In the beginning, physicist Peter Nirmalraj wanted to gain deeper insights into the process of Alzheimer's disease in order to provide medical research with a basis for possible early diagnostics and new therapies. One step further would be to decipher the role of amyloid beta peptides and tau proteins, which are associated with the neurodegenerative disease.
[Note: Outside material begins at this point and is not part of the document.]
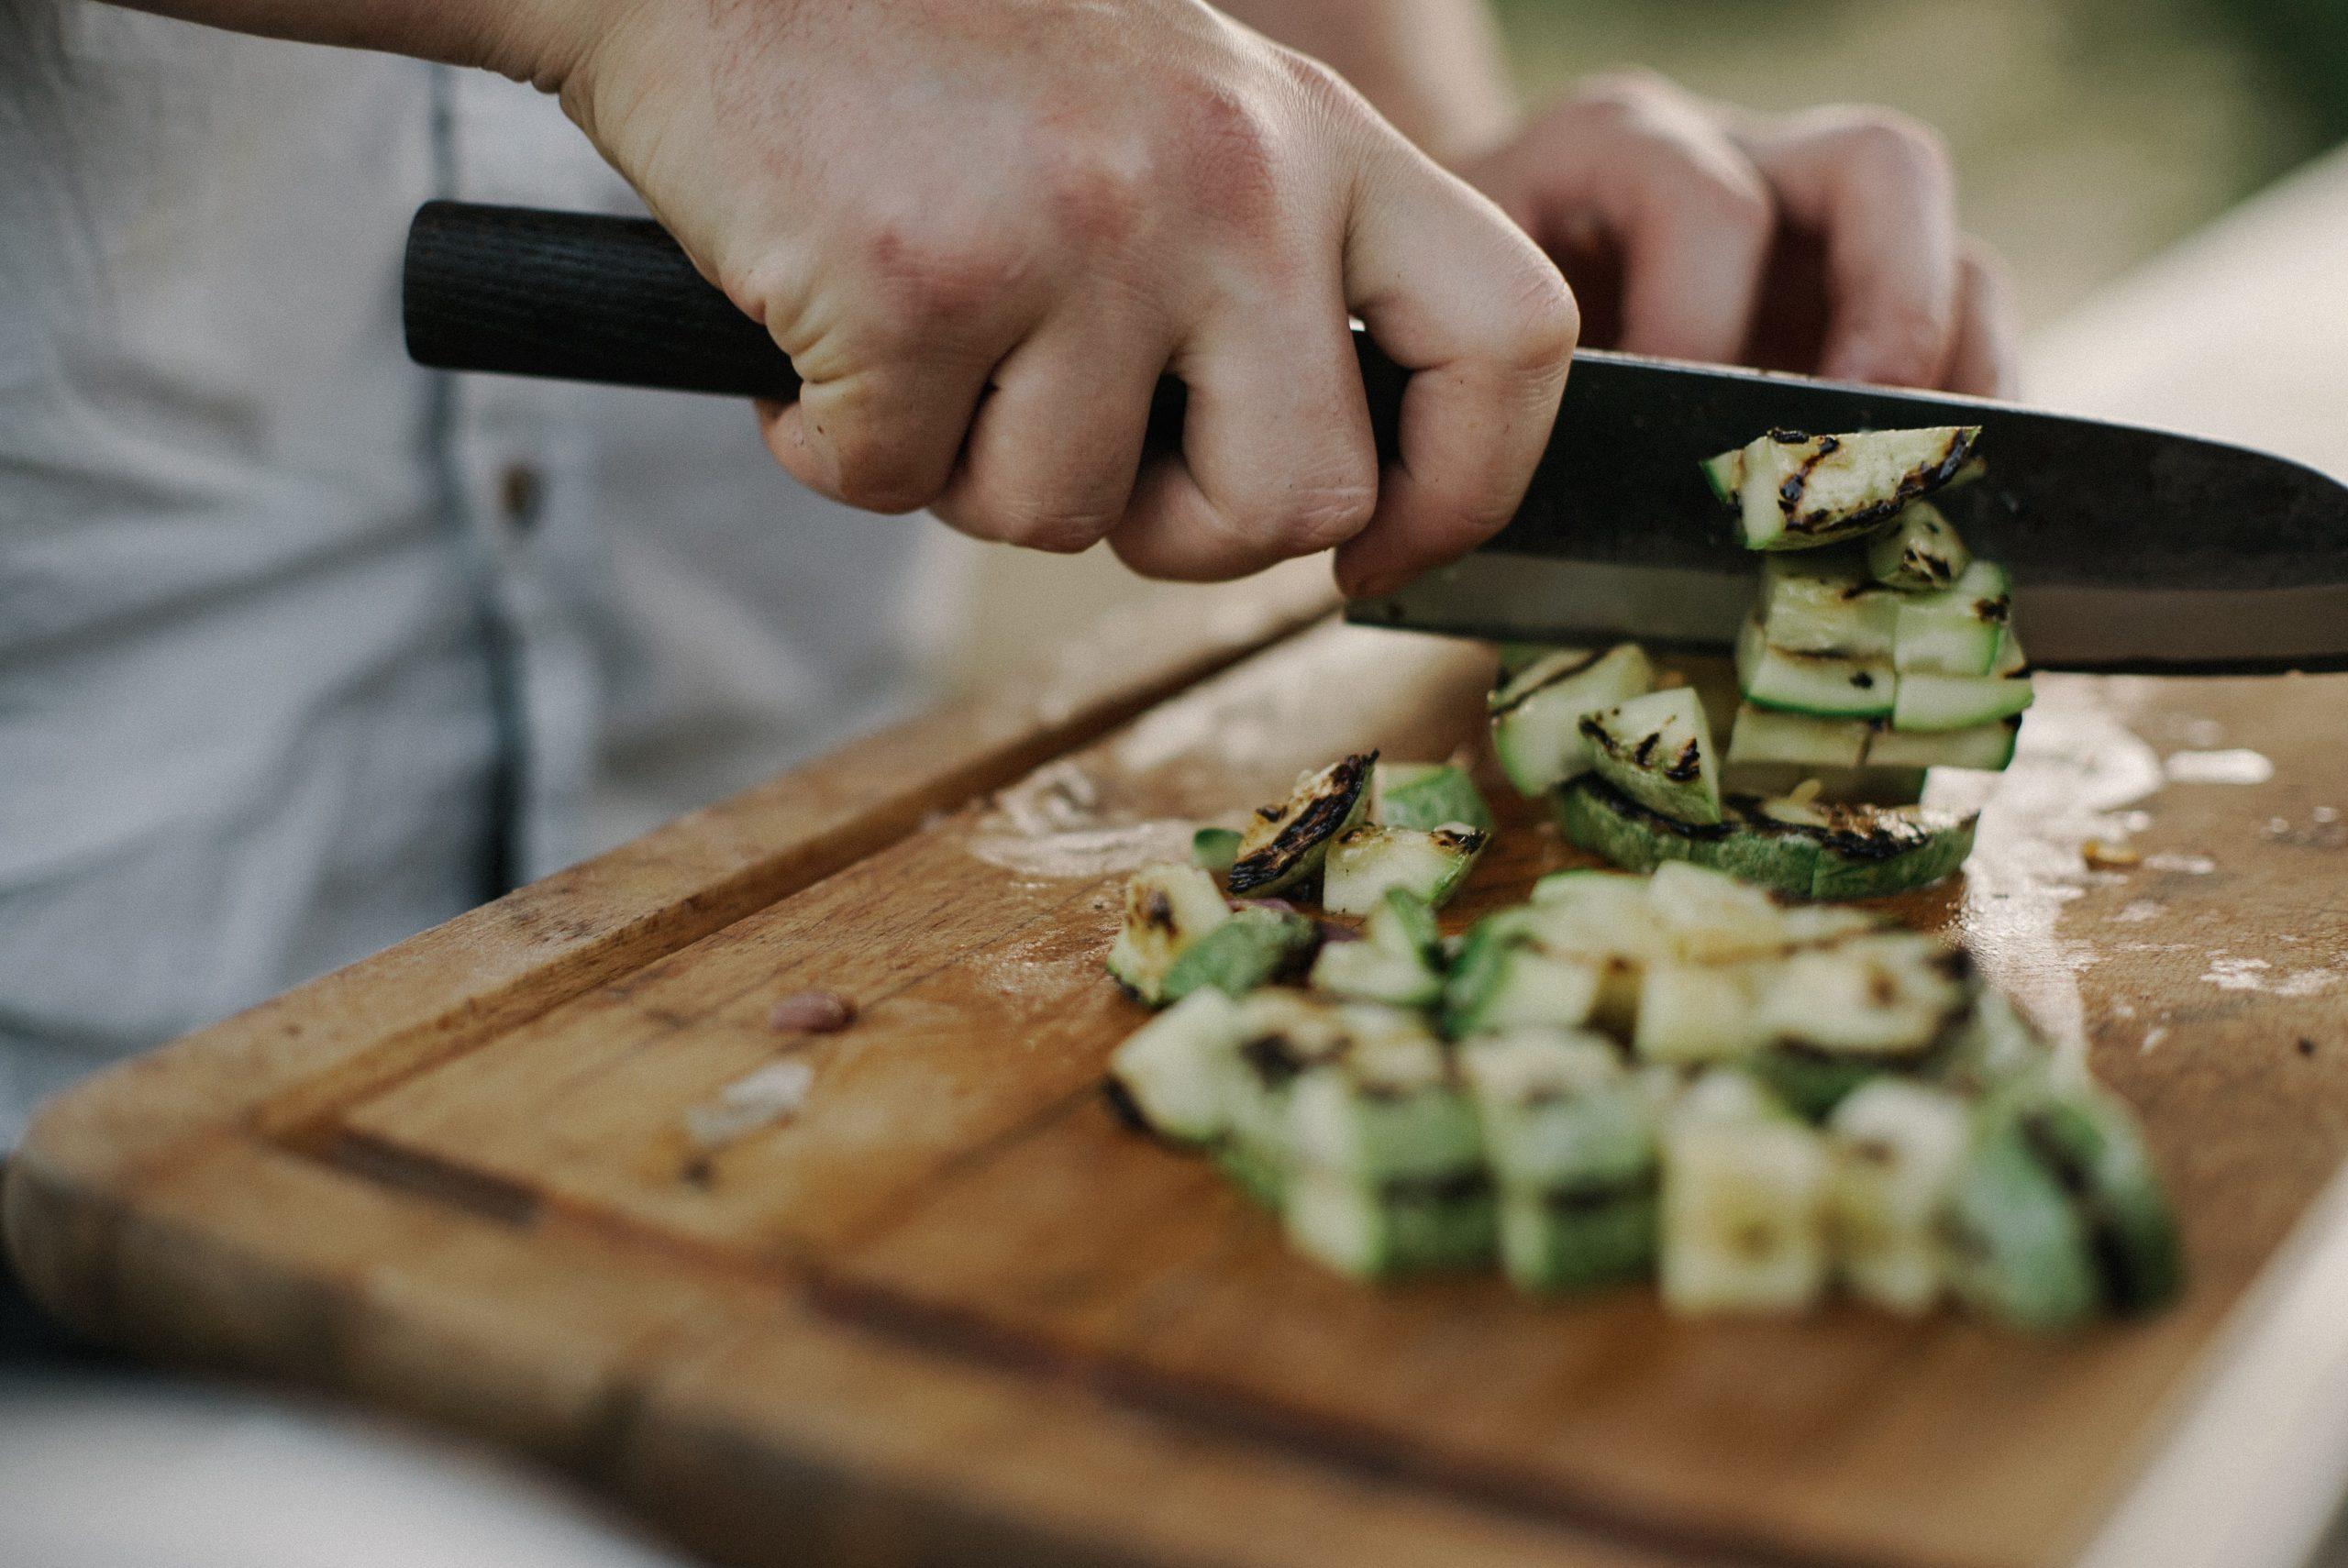 Cook along - cutting veg

However, if one approaches the tiny peptide structures with a microscope, the view into the molecular universe becomes distorted all too easily. "An imaging technique must not alter the original state of the peptides, otherwise valuable information on their characteristic properties will be lost" Nirmalraj says. That's why the Empa scientist searched for a technique that left the peptides pristine.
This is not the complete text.